* ASSIGNMENT *
Copy the entries without a single change. Pictures should be dropped.

(Records from a collection)
● ● ● ● ●

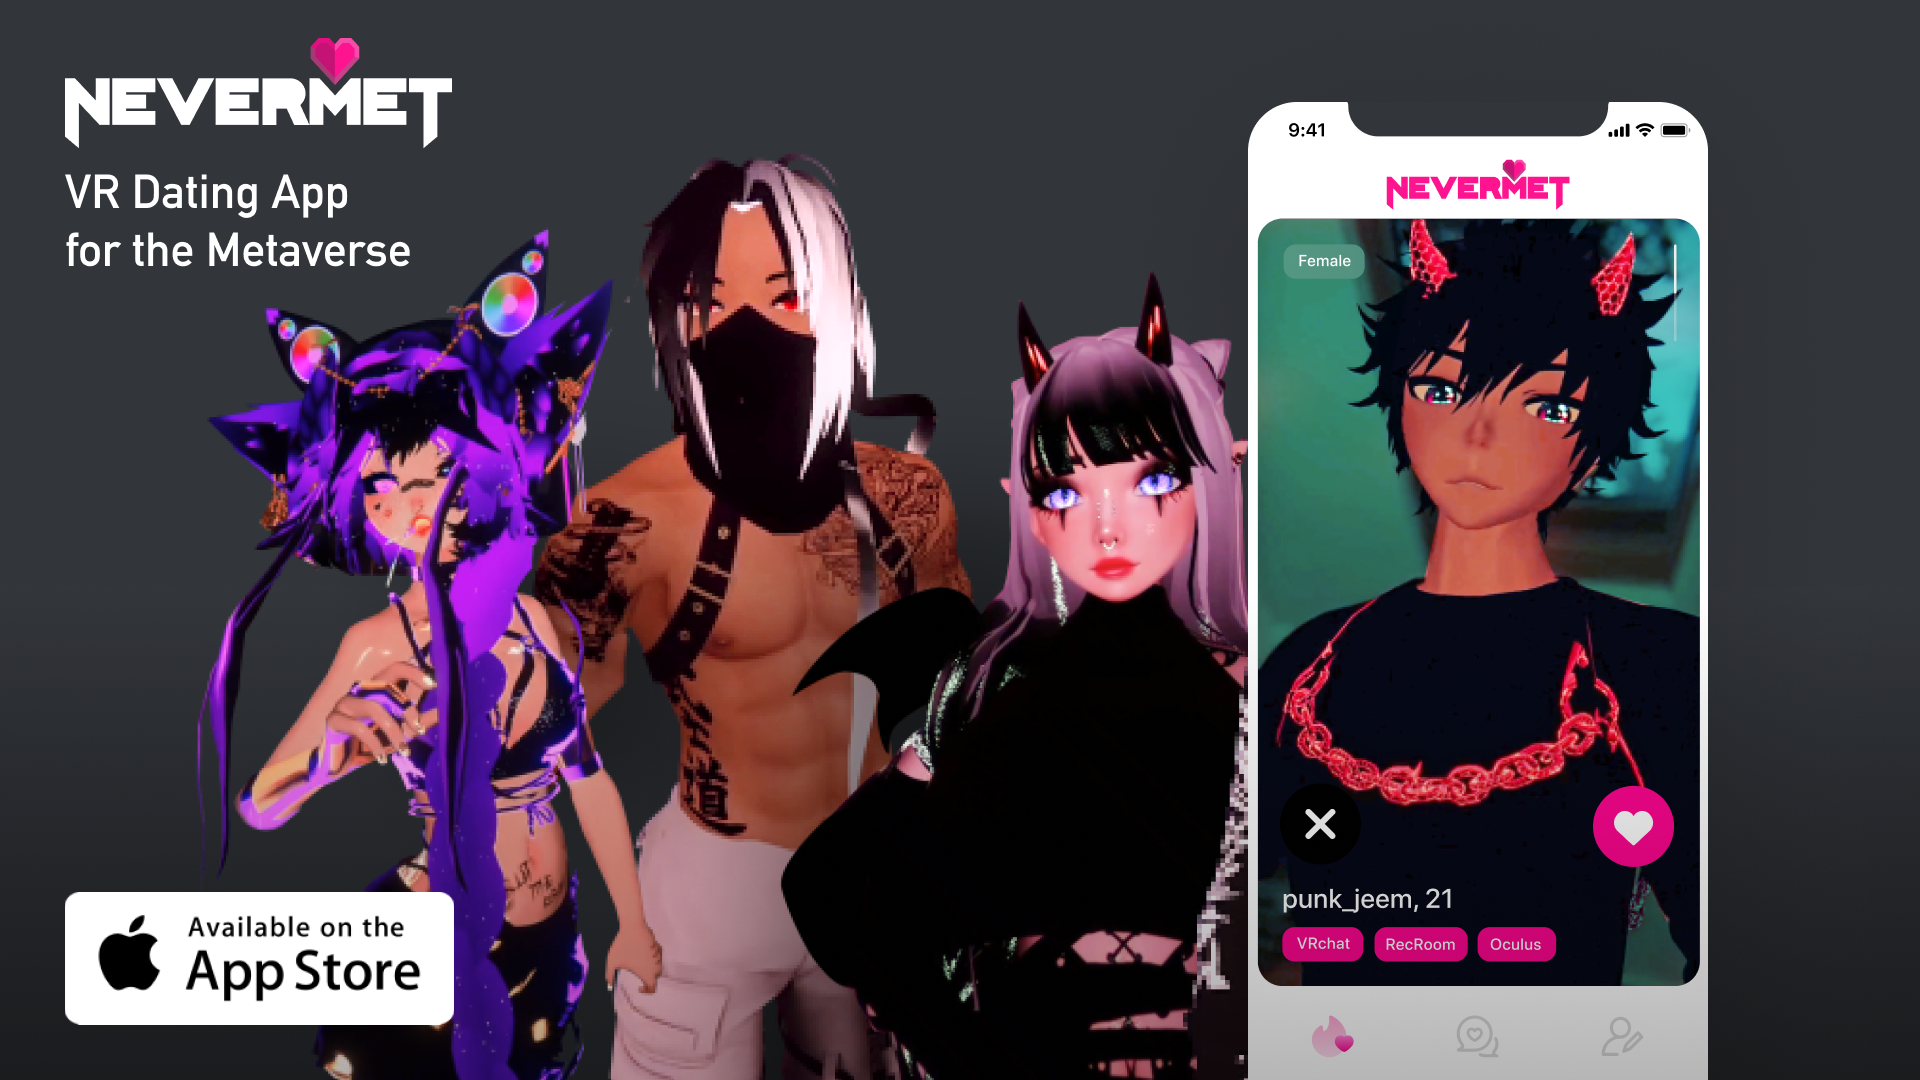 Find Virtual Love In The Metaverse With This Dating
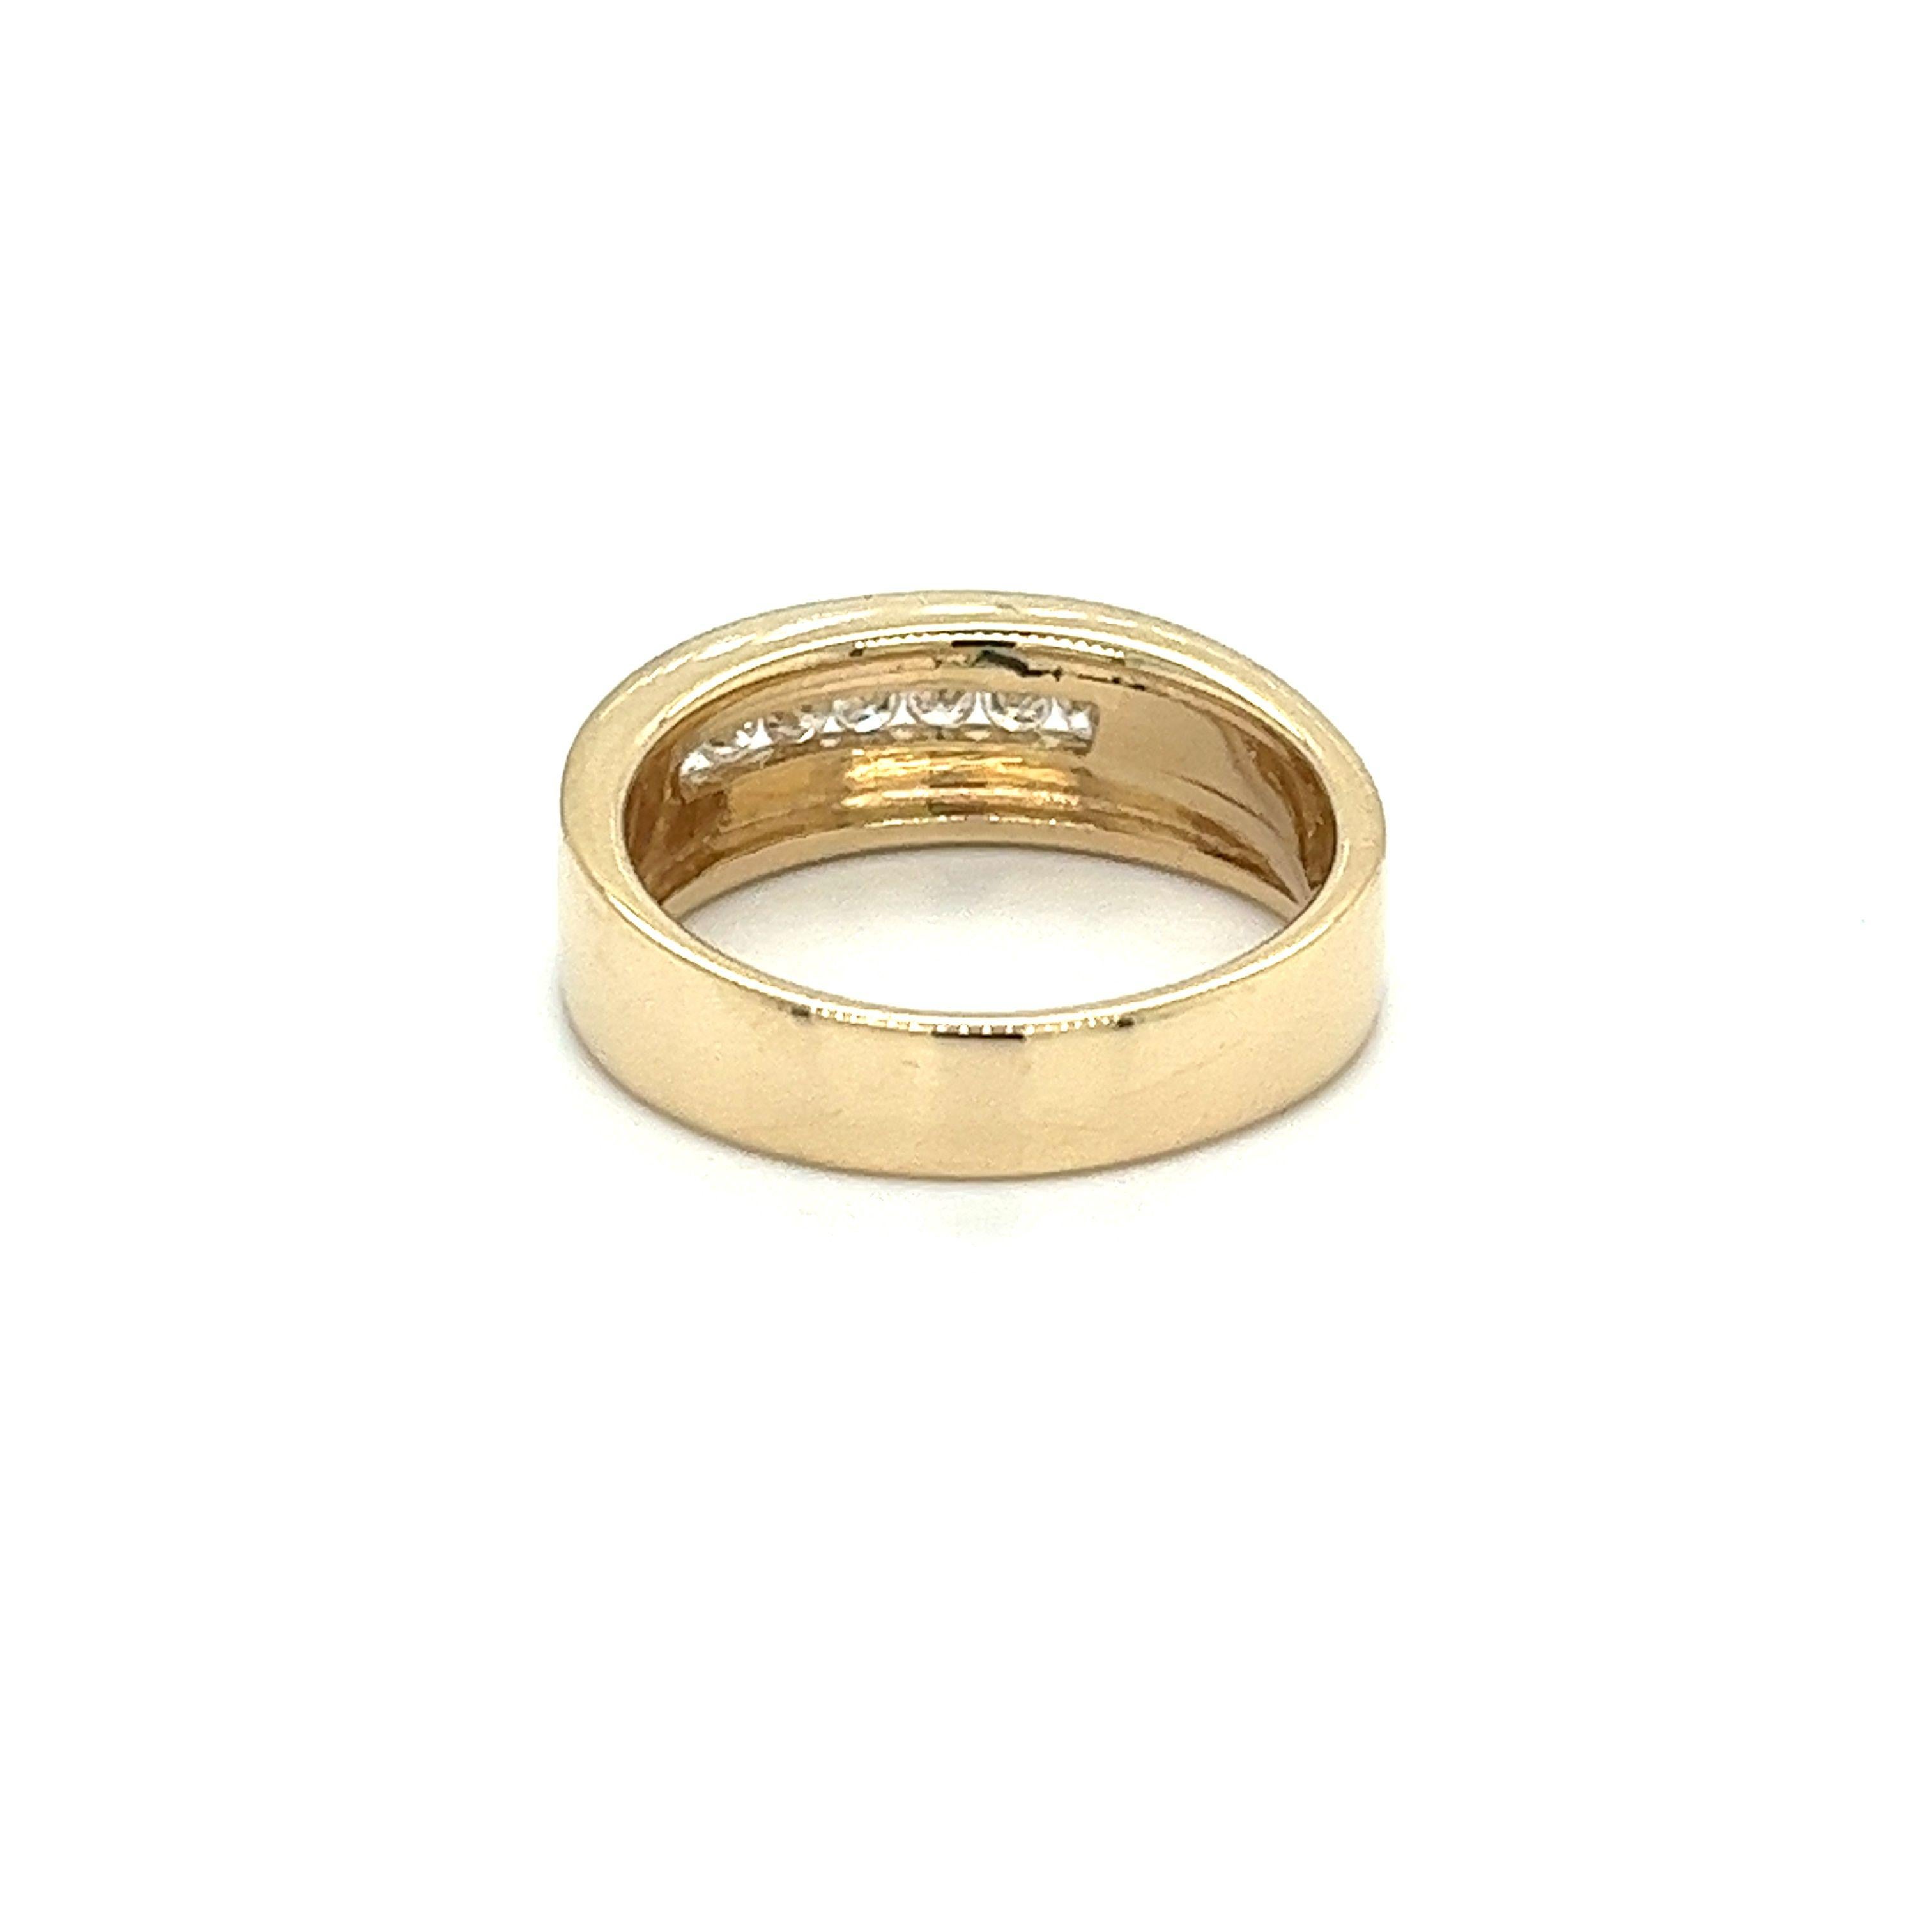 Shop this minimalist channel set natural diamond band set in 14k solid gold. A cute and dainty ring with 7 round cut natural diamonds. The ideal ring for everyday wear.

- Metal: Gold
- Metal Purity: 14k
- Carat Weight(s): 0.25 cts
- Diamond Color:

● ● ● ● ●

* SOLUTION *
 Find Virtual Love In The Metaverse With This Dating
 Shop this minimalist channel set natural diamond band set in 14k solid gold. A cute and dainty ring with 7 round cut natural diamonds. The ideal ring for everyday wear.

- Metal: Gold
- Metal Purity: 14k
- Carat Weight(s): 0.25 cts
- Diamond Color:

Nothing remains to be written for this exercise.